◆ Material shown
-------
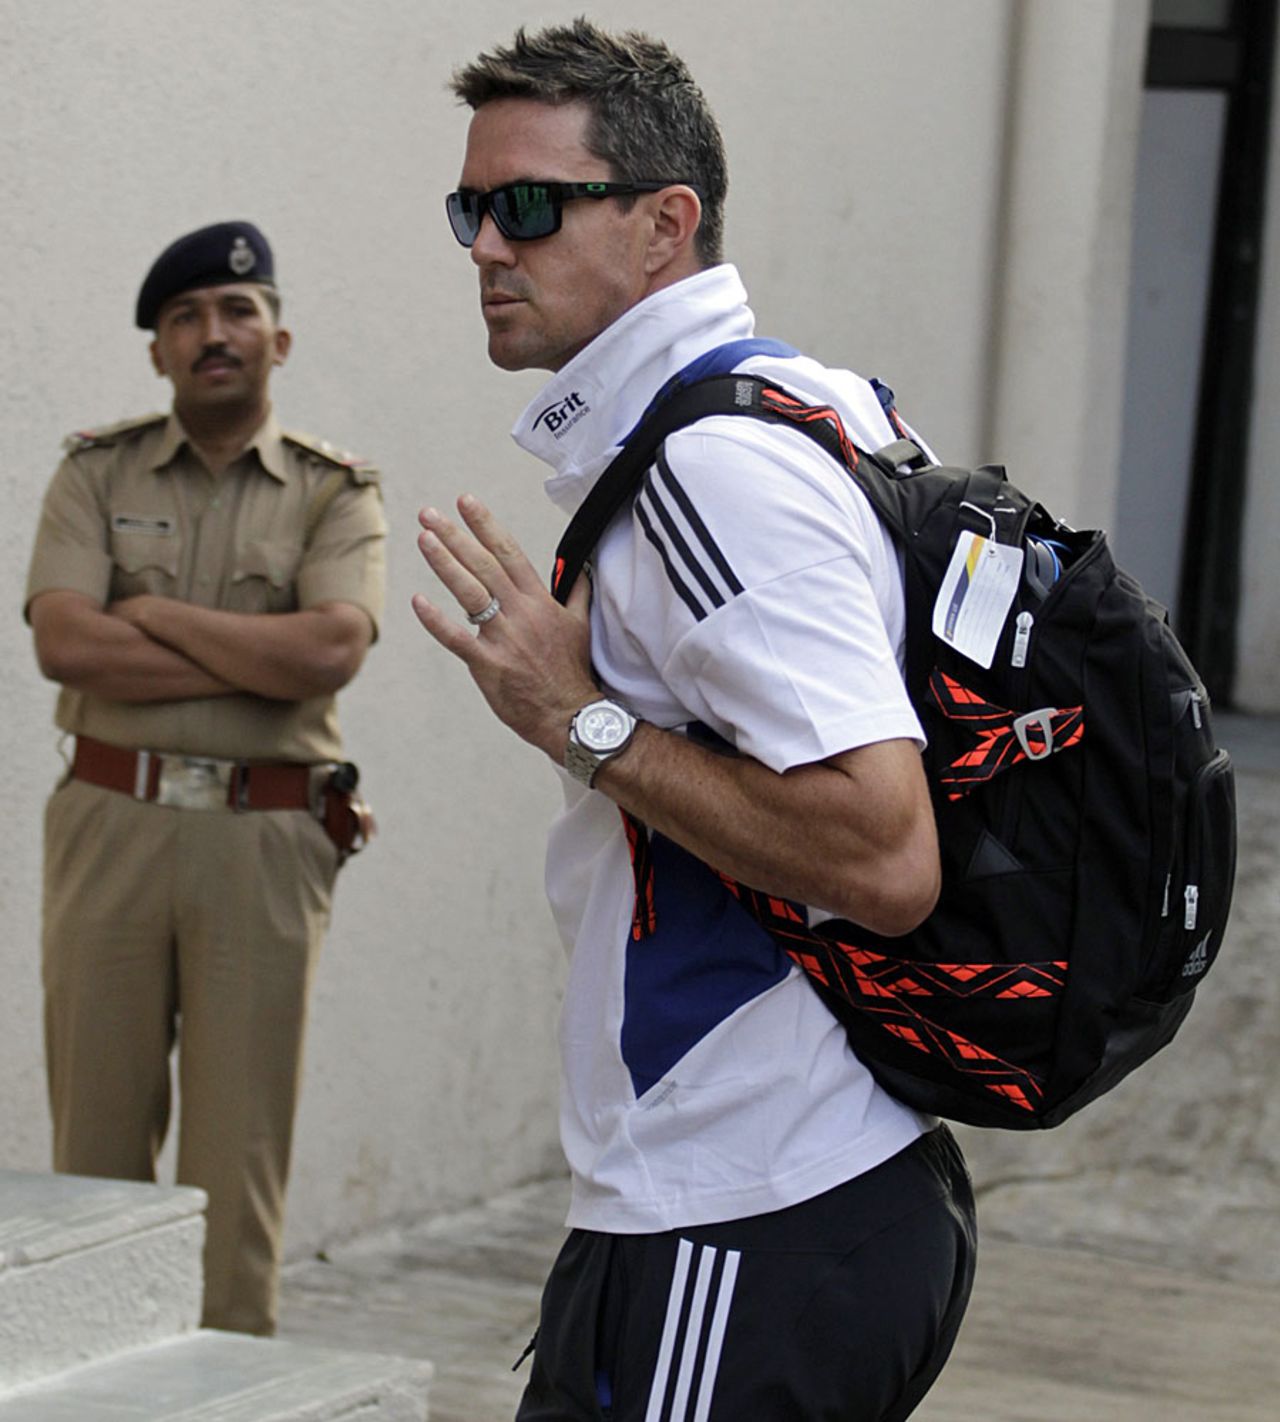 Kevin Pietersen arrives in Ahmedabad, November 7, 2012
-------
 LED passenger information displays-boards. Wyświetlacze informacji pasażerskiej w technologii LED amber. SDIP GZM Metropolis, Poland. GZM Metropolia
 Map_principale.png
-------
◆ Work to complete
Find the line with "LED passenger information" in the entries above. Retype it and each line after it, exactly, through the line with "Map_principale.png", and stop there.

◆ Answer box
 LED passenger information displays-boards. Wyświetlacze informacji pasażerskiej w technologii LED amber. SDIP GZM Metropolis, Poland. GZM Metropolia
 Map_principale.png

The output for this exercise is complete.